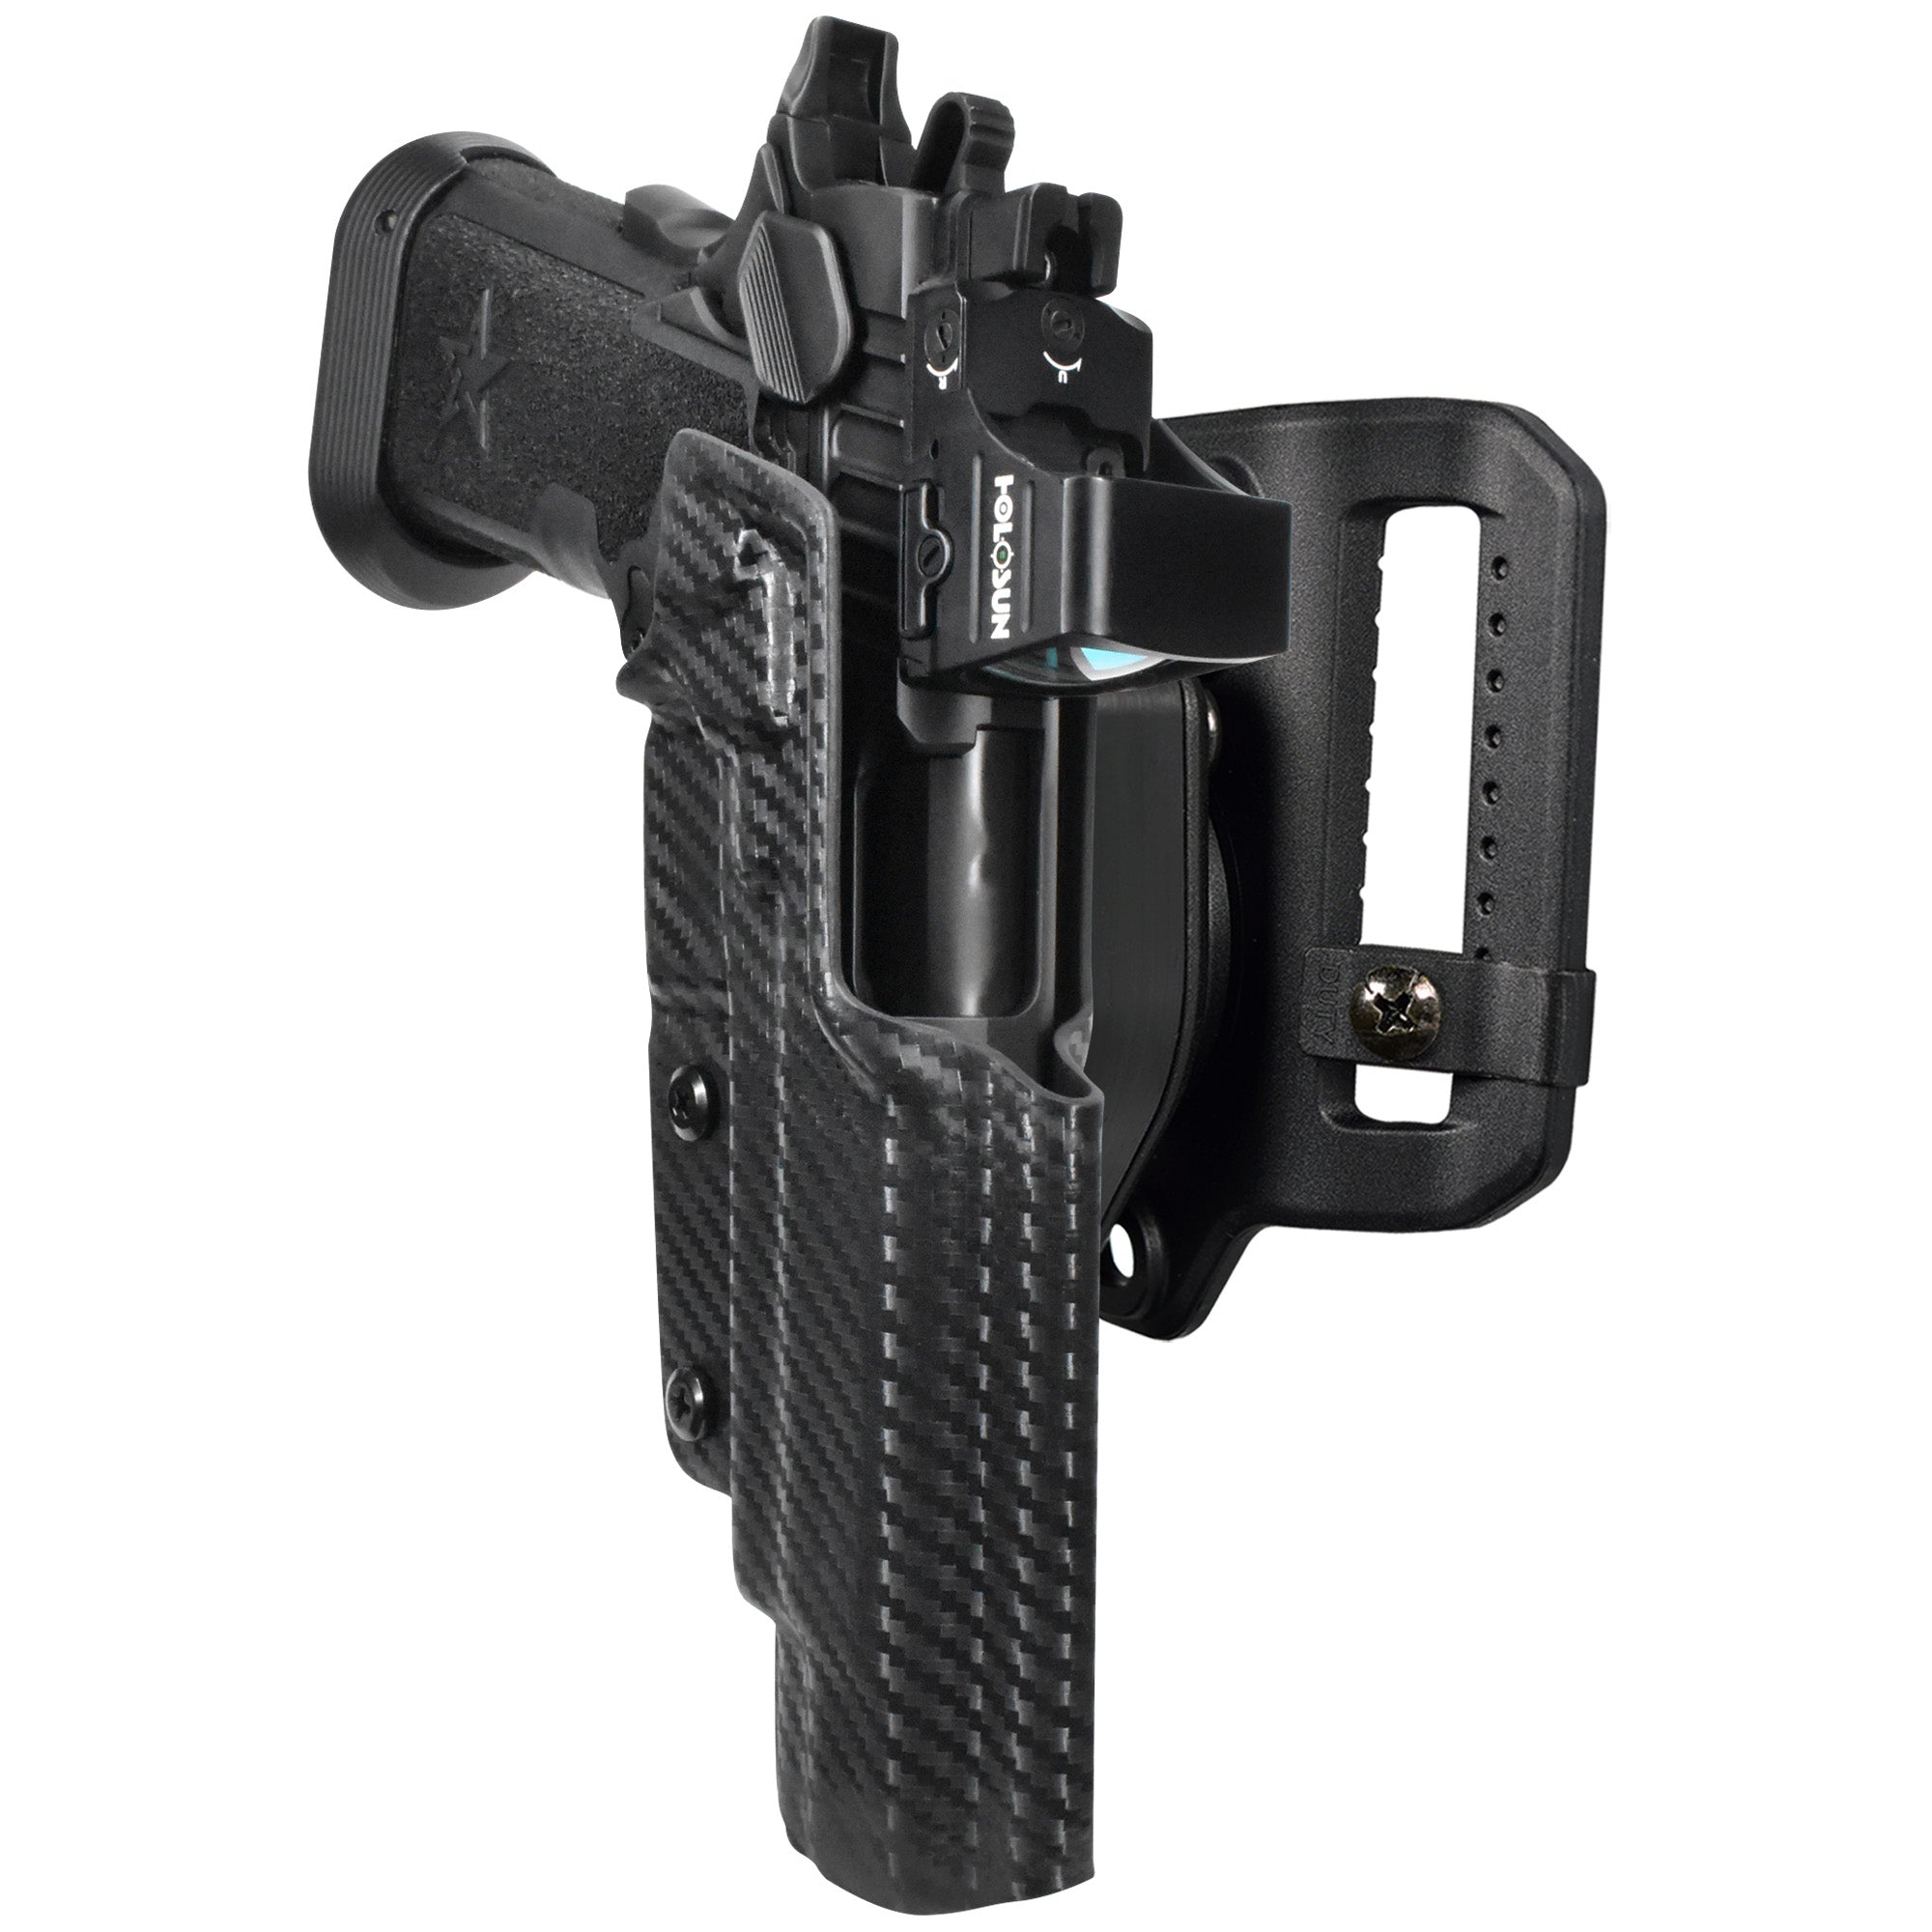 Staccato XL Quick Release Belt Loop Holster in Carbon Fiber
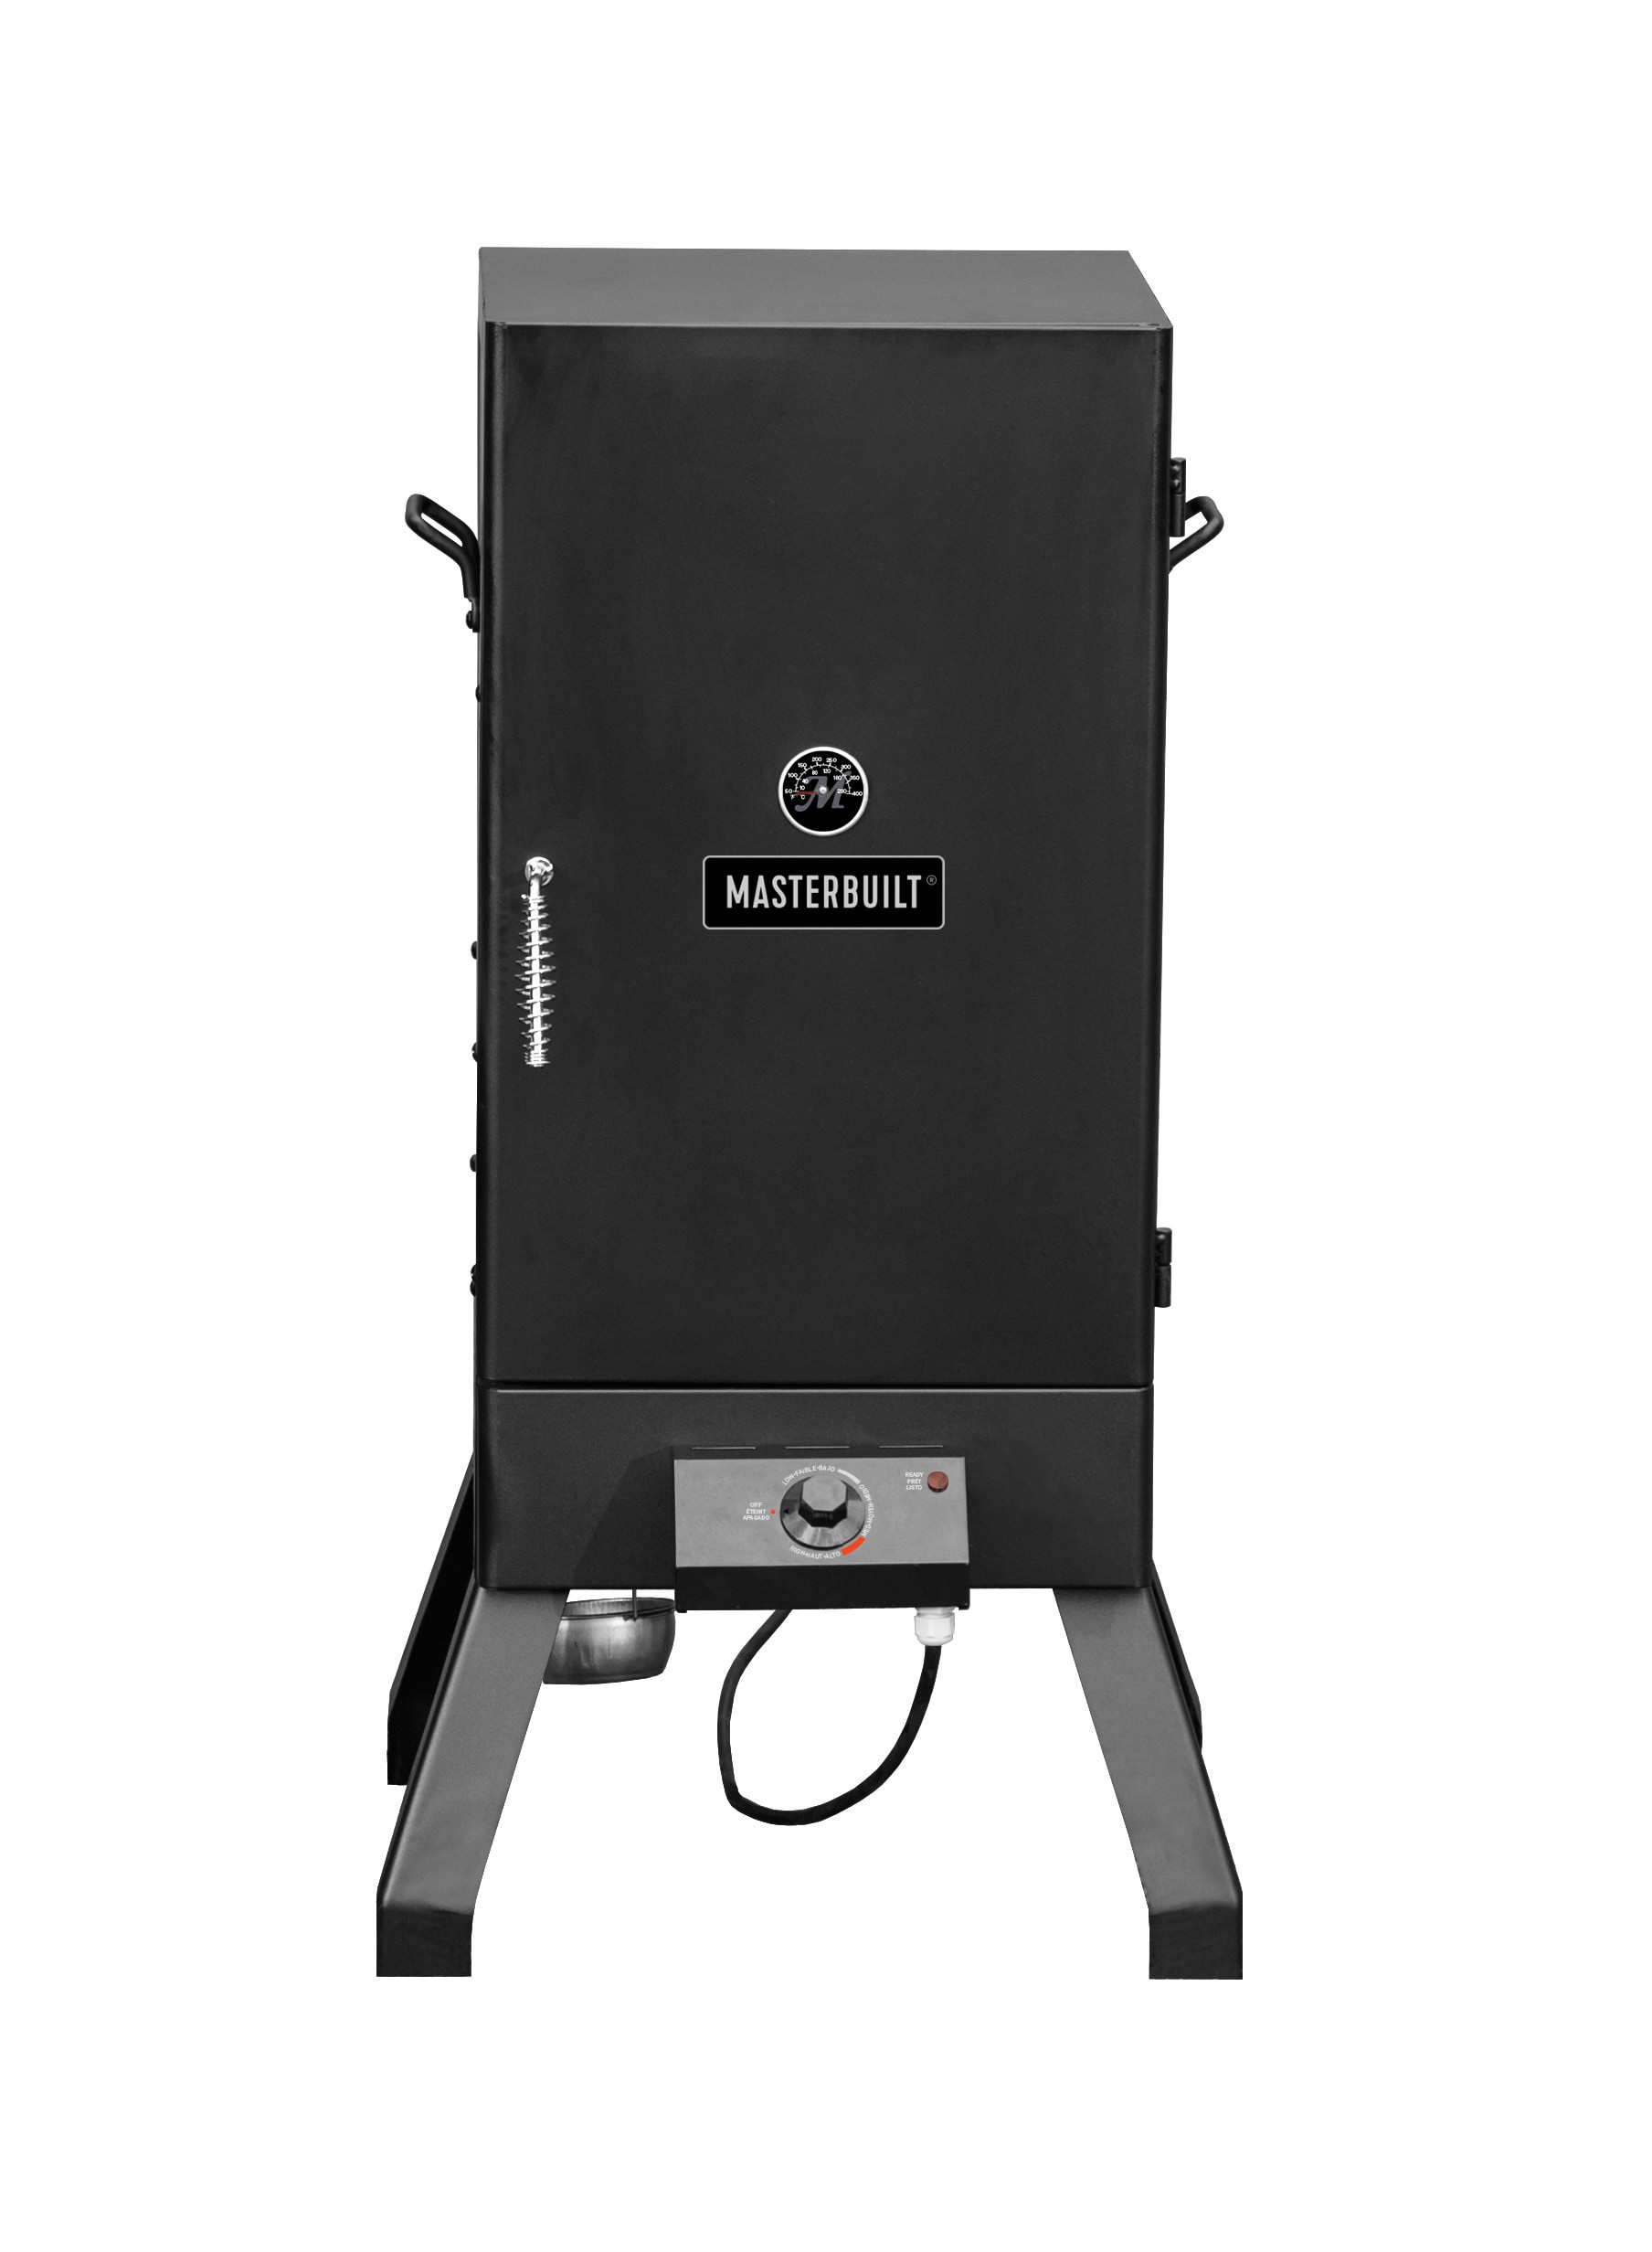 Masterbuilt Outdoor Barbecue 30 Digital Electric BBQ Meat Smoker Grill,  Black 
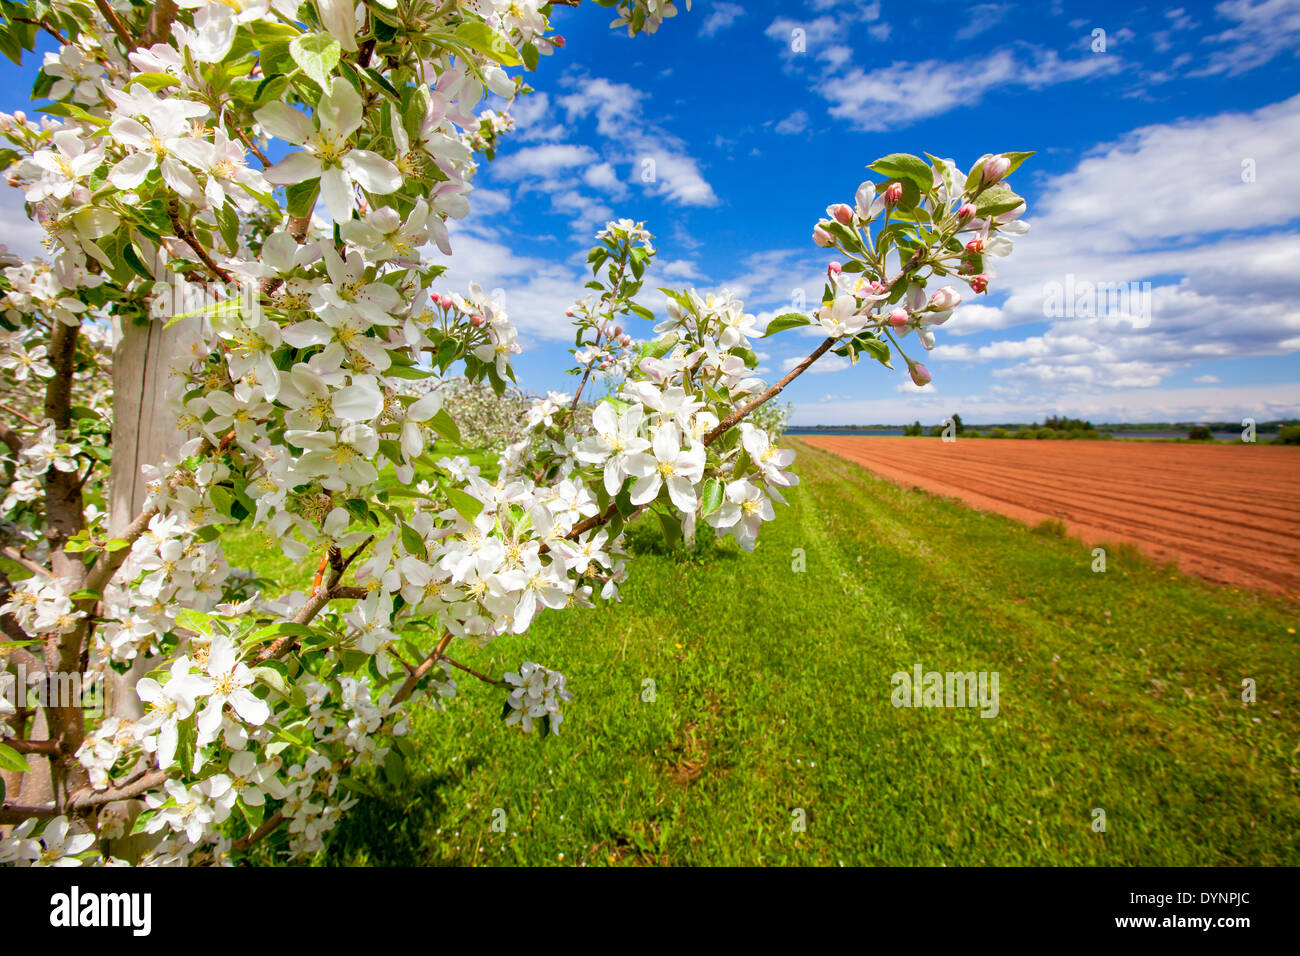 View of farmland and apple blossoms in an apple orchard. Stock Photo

= = = =

• _Your objective_
Without the pictures, give every line of the data again, exactly as written.

• _Written answer_
 Staccato XL Quick Release Belt Loop Holster in Carbon Fiber
 Masterbuilt Outdoor Barbecue 30 Digital Electric BBQ Meat Smoker Grill,  Black 
 View of farmland and apple blossoms in an apple orchard. Stock Photo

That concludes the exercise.